Failure of Seller to insist on compliance with any provision of this Agreement shall not be considered as a waiver by Seller of subsequent compliance with the same or any other provision hereof. The invalidity of any of the provisions hereof shall not serve to invalidate the remaining provisions of this Agreement.
The rights and remedies herein reserved to Seller shall be cumulative and in addition to any other rights and remedies provided by law.
Customer’s rights and obligations under this Agreement may not be assigned or transferred to any third party, whether by operation of law or otherwise, without the express written consent of Seller.
Any part of the goods covered hereby, which consist of conventional bare glass beverage bottles (i) with a capacity of up to and including 36 fluid ounces, are intended for use, and Customer shall only use the same, in the packaging of soft drinks carbonated to a maximum of 5 volumes; or (ii) with a capacity in excess of 36 fluid ounces, but not in excess of 68 fluid ounces, are intended for use, and Customer shall only use the same, in the packaging of soft drinks carbonated to a maximum of 4 volumes.
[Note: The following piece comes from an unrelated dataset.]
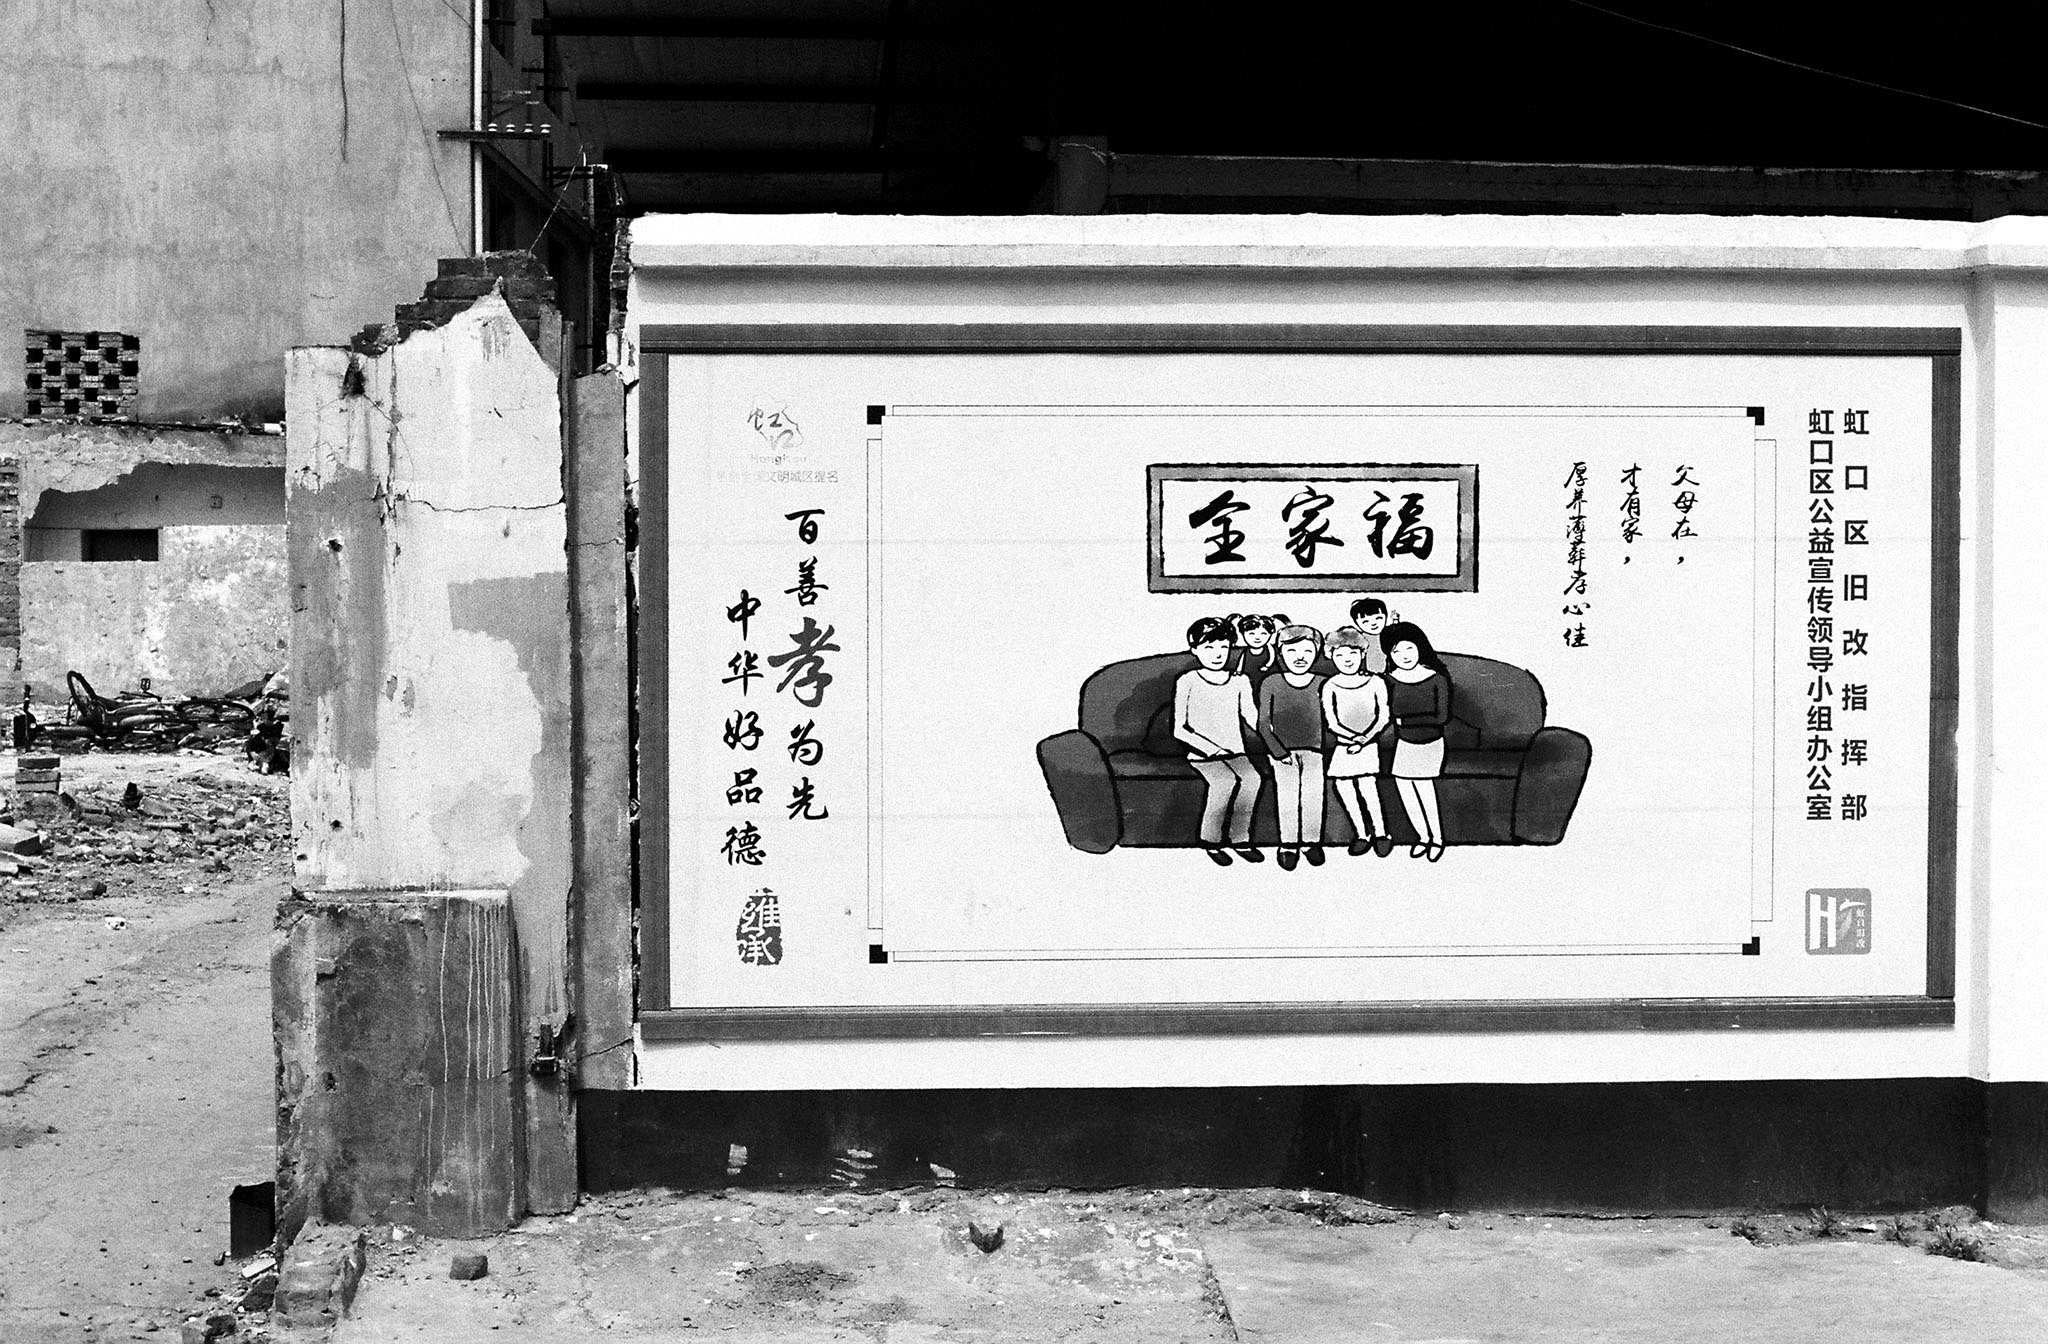 img/1804-china-shanghai-1933-work-nikonf/tat-tso-1804-china-shanghai-1933-work-nikonf-14.jpg

Customer further agrees that beer bottles will be filled only with a malted beverage, such as beer or ale, with 3 or less gas volumes.
All single trip and no deposit, no-return or one-way beer and beverage bottles are designed and manufactured for single trip use, and Customer agrees that it will use and permit the use of such containers for original filling only and that it will not refill or resell such containers or permit the same to occur (other than for use as cullet) without the prior written permission of Seller, and Customer will not accept or arrange for the return of such containers from the trade or reuse them.
MISCELLANEOUS. a) The nondiscrimination clauses contained in Section 202 of Executive Order 11246, as amended by Executive Order 11375, and the rules and regulations prescribed by the U.S. Secretary of Labor implementing such orders are hereby incorporated herein; b) Seller represents to Customer that it has fully complied with Section 12(a) of the Fair Labor Standards Act of 1938, as amended, in the production of the containers covered by this Agreement; c) Seller’s acceptance of Customer’s purchase order or offer to purchase is expressly conditioned upon Customer’s acknowledgment and agreement that Seller assumes no responsibility whatsoever for compliance with any of the packaging or other specifications and requirements of the Transportation Safety Act of 1974, or amendments thereto, of regulations issued there under, or of any other federal or state laws regarding transportation of hazardous materials or substances, responsibility for compliance with such laws or regulations being expressly assumed entirely by Customer; d) Goods returned without Seller’s authority are shipped at Customer’s risk; e) Any credit or cash terms of sale extended to Customer may be withdrawn by Seller at any time in Seller’s sole reasonable discretion; f) Goods may be shipped by any means deemed suitable by Seller unless Customer specifically directs Seller otherwise; all transportation charges shall be Customer’s responsibility unless otherwise agreed in writing; g) Seller and Customer shall be excused for non-performance due to causes beyond their reasonable control which render performance impracticable.
Notwithstanding anything to the contrary, in the absence of any other existing contract between Customer and Seller, these Terms and Conditions of Sale represent the entire agreement between the parties regarding the subject matter hereof.